The above is called self-will run riot and it is a sure recipe for failure.

But you’ve had the opposite experience too, haven’t you? You’ve had moments in business, or golf, or parenting, or marriage, when everything is perfect, the zen moment. It’s almost like the universe is running everything perfectly and you are just observing it in all its perfection. In these moments, you are experiencing something very close to the truth about reality.

What I’m describing here are two polar extremes. Most of us live somewhere in between.

On one side we have the misguided idea that we can CREATE BY FORCE, but clearly we can see in our own lives, that attempting to create our future by force results in the exact opposite, destruction and failure.

Why do we believe this nonsense about force?
Answer: We live in a culture where we are taught from our earliest days that problems are solved by the application of force. Popular culture action heroes and athletes delude us into thinking we can create a better world via physical strength, will power, and force.

But it is a lie. Force is only justified when someone else has initiated force against us, and even then it isn’t creative. It can only attempt to end the destruction so the natural state of creation can begin anew.

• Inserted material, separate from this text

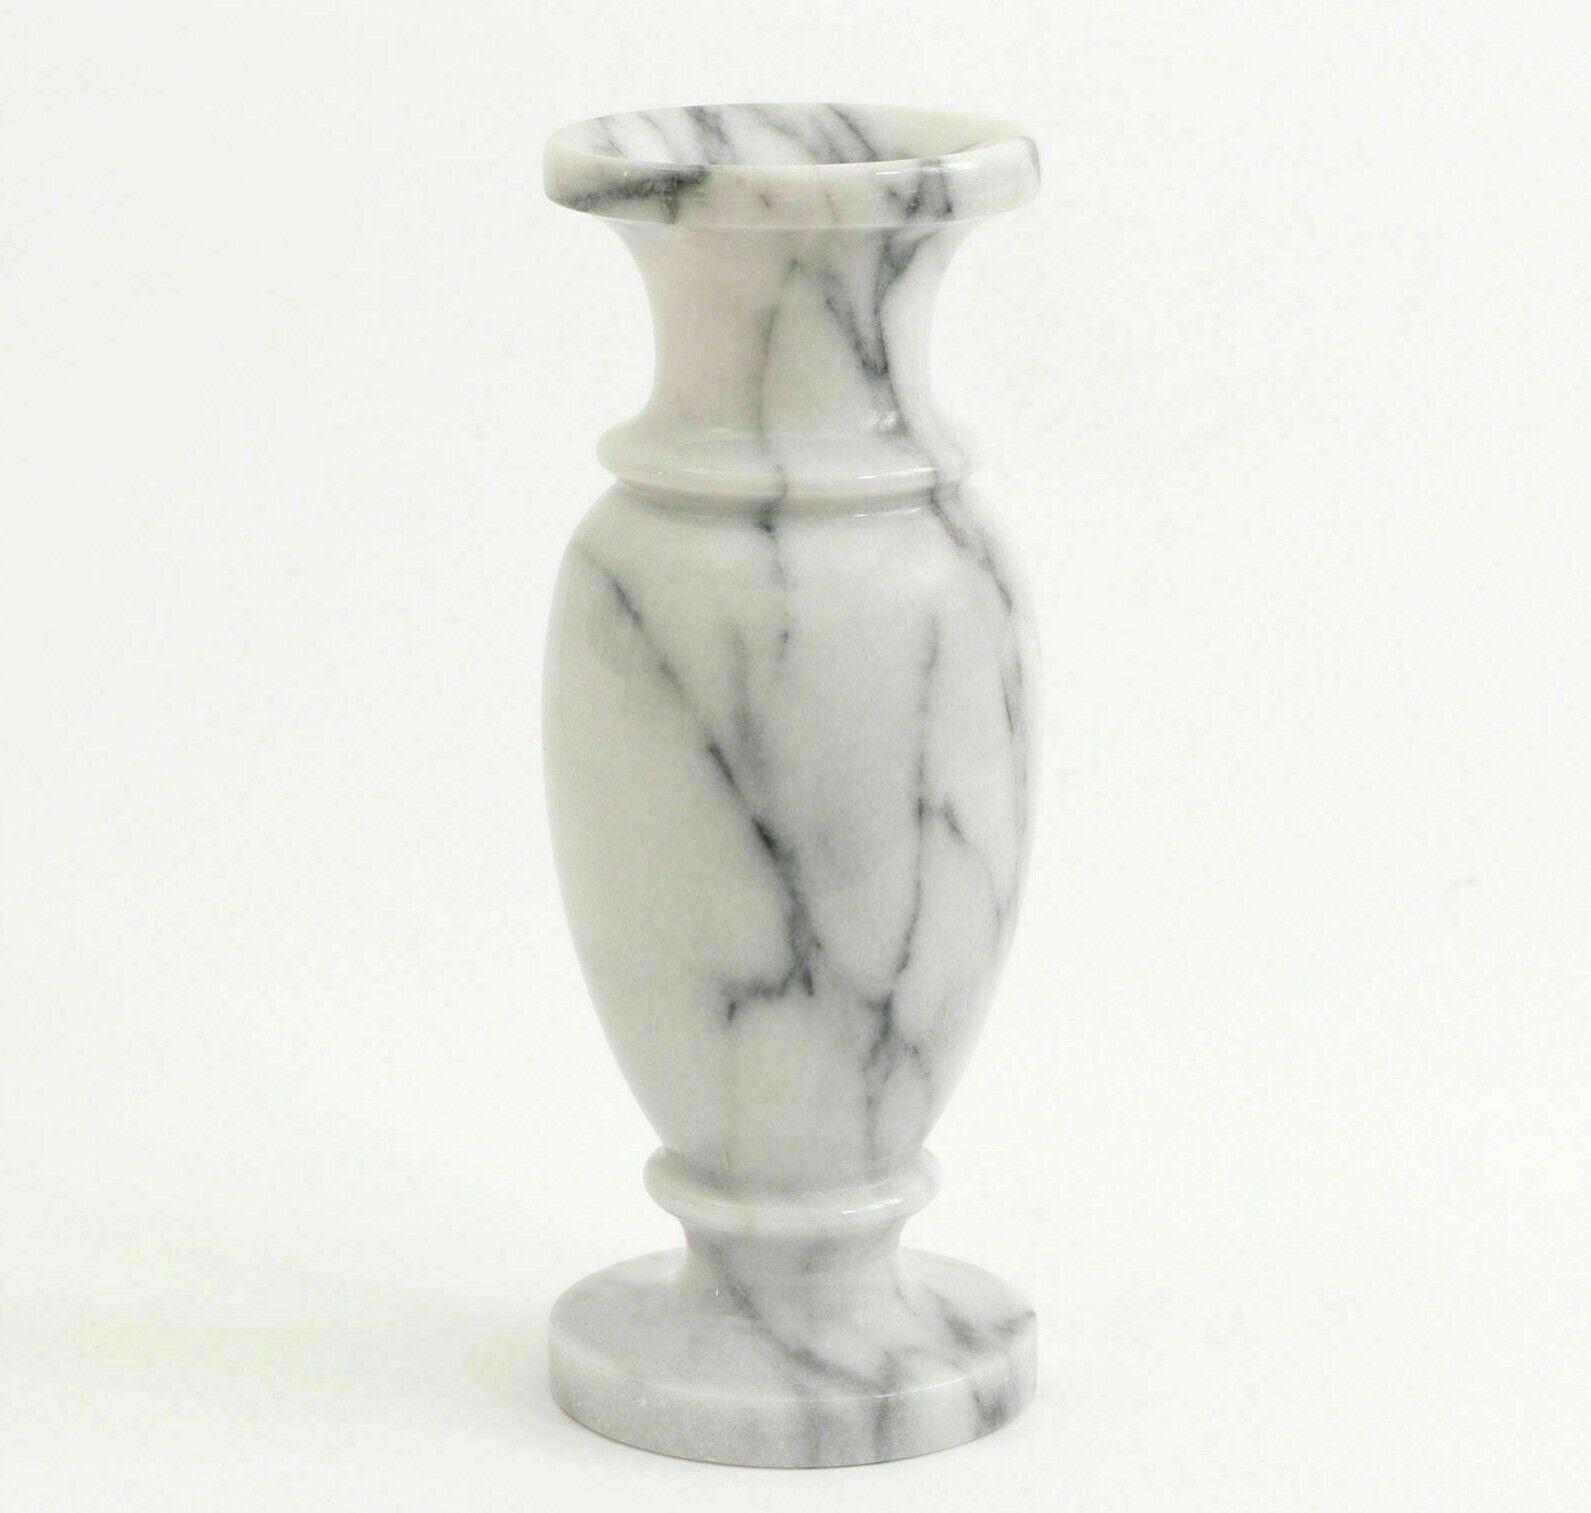 VASO Portafiori in Marmo Bianco blanco Marble Italian Flowers Vase Home H.33cm

In truth, creation is a process you set in motion, but you can’t control. It’s like a magnificent story that unfolds before your eyes. You focus your thoughts and your actions on your goal and you seek acceptance voluntarily. Creation is the act of allowing. Acceptance and allowing require love and patience. They require humbling yourself to the immense creative power of the universe. It requires “getting over yourself” while simultaneously knowing “the only thing you control is yourself.” All the rest of creation happens on it’s own.